# How to use XCOPY to copy a folder stucture and NO files.



## gwashington (Jul 2, 2007)

i have a folder named "WebDesign" with two folders "Fonts" and "Layouts". I need a great .bat file to execute a 'copy all the folders but not the files' 

Im thinikn and tryin to figure out this setup

F:\WebDesign\Fonts
F:\WebDesign\Layouts

i want to practice using XCOPY to copy ONLY the folder sturcture.
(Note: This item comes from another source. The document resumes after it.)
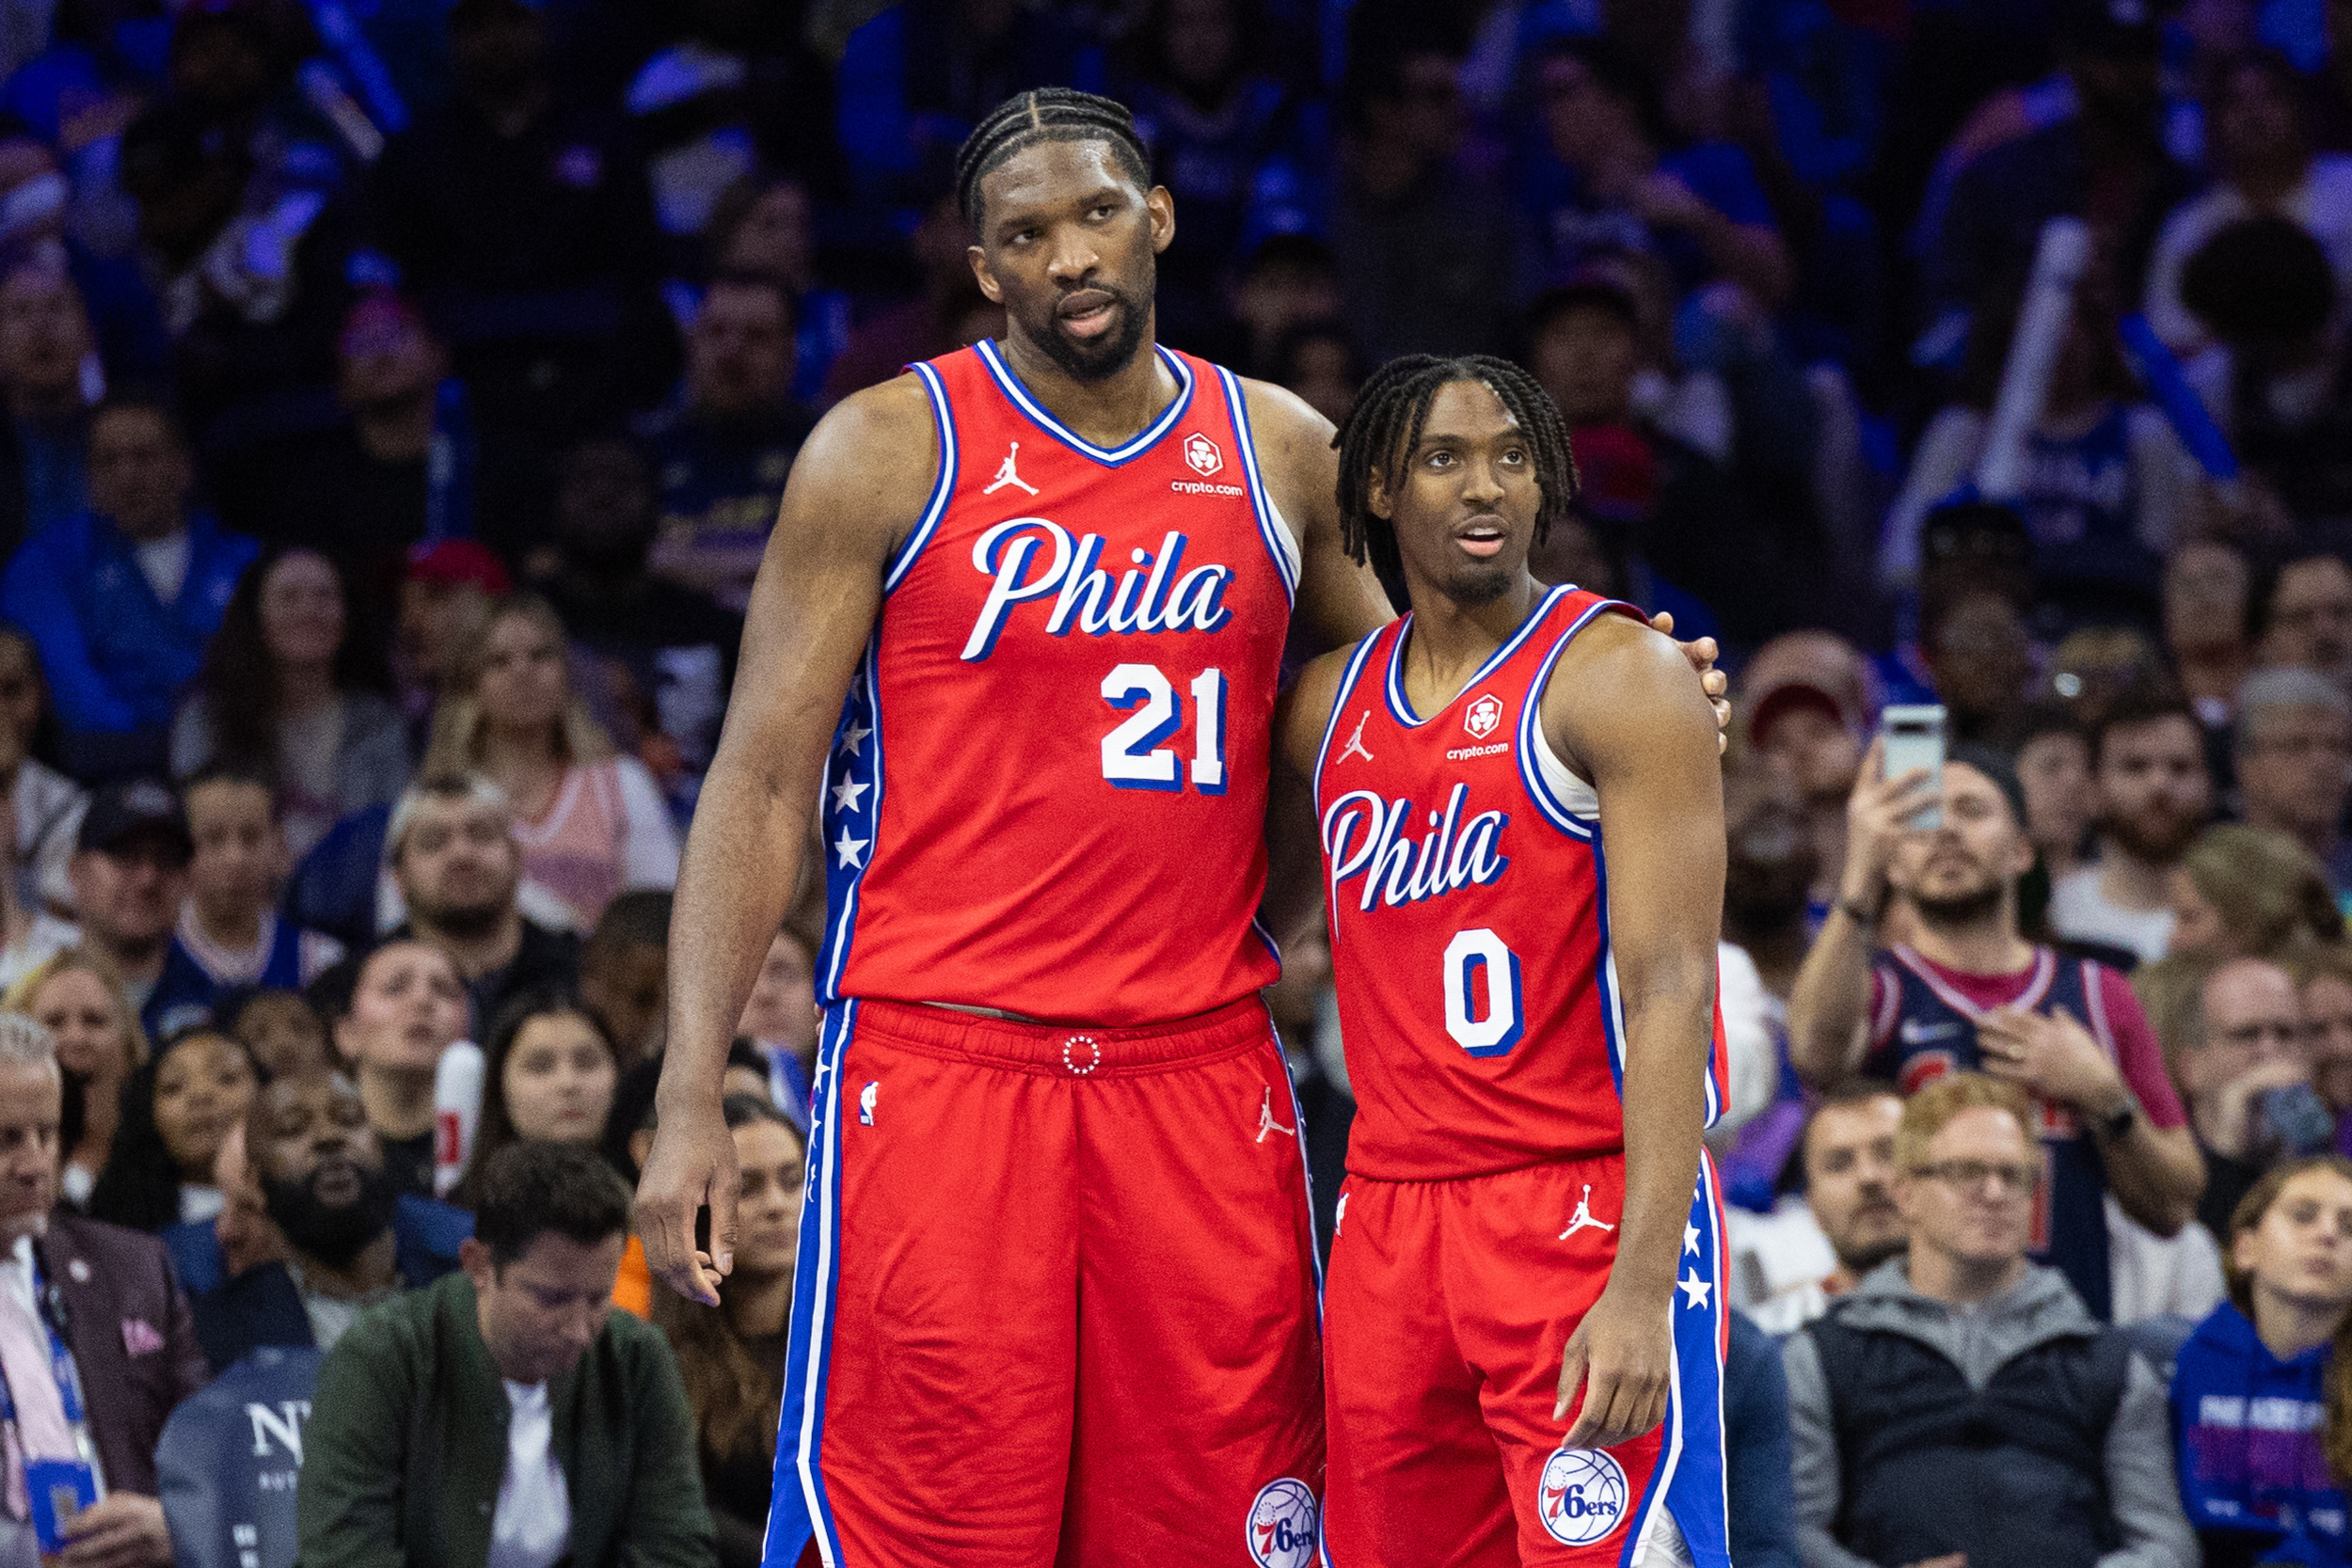 joel embiid, 76ers have a good chance to avoid play-in

I want to XCOPY the F:\ drive to my N:\
xcopy f:\ - t -e isnt working ..or is this a unkwn syntax that dont work?
is there a better way?


----------



## Ent (Apr 11, 2009)

It should be 
Xcopy f: n: /T /E


----------



## TheOutcaste (Aug 8, 2007)

You need to specify a path (the root folder in this case, *\*}as well as the drive letter. If you specify just the drive letter, it will use the current folder on each drive, which might not be the root.
*xcopy f:\ n:\ /E /T*
If any folders have the hidden or system attributes set, you need to also use the */H* switch.


----------



## gwashington (Jul 2, 2007)

i will try it out and let u all know my results..i see the issue was that i was using a "-" instead of the forward slah.i feel so stupid cause i suppose to know this ..sigh


----------



## Ent (Apr 11, 2009)

gwashington said:


> i will try it out and let u all know my results..i see the issue was that i was using a "-" instead of the forward slah.i feel so stupid cause i suppose to know this ..sigh


I've started making that same mistake after trying to learn the Linux command line. It is really annoying, but it's nice to know what problems you commonly suffer from so you can check them before doing a comprehensive debug.


----------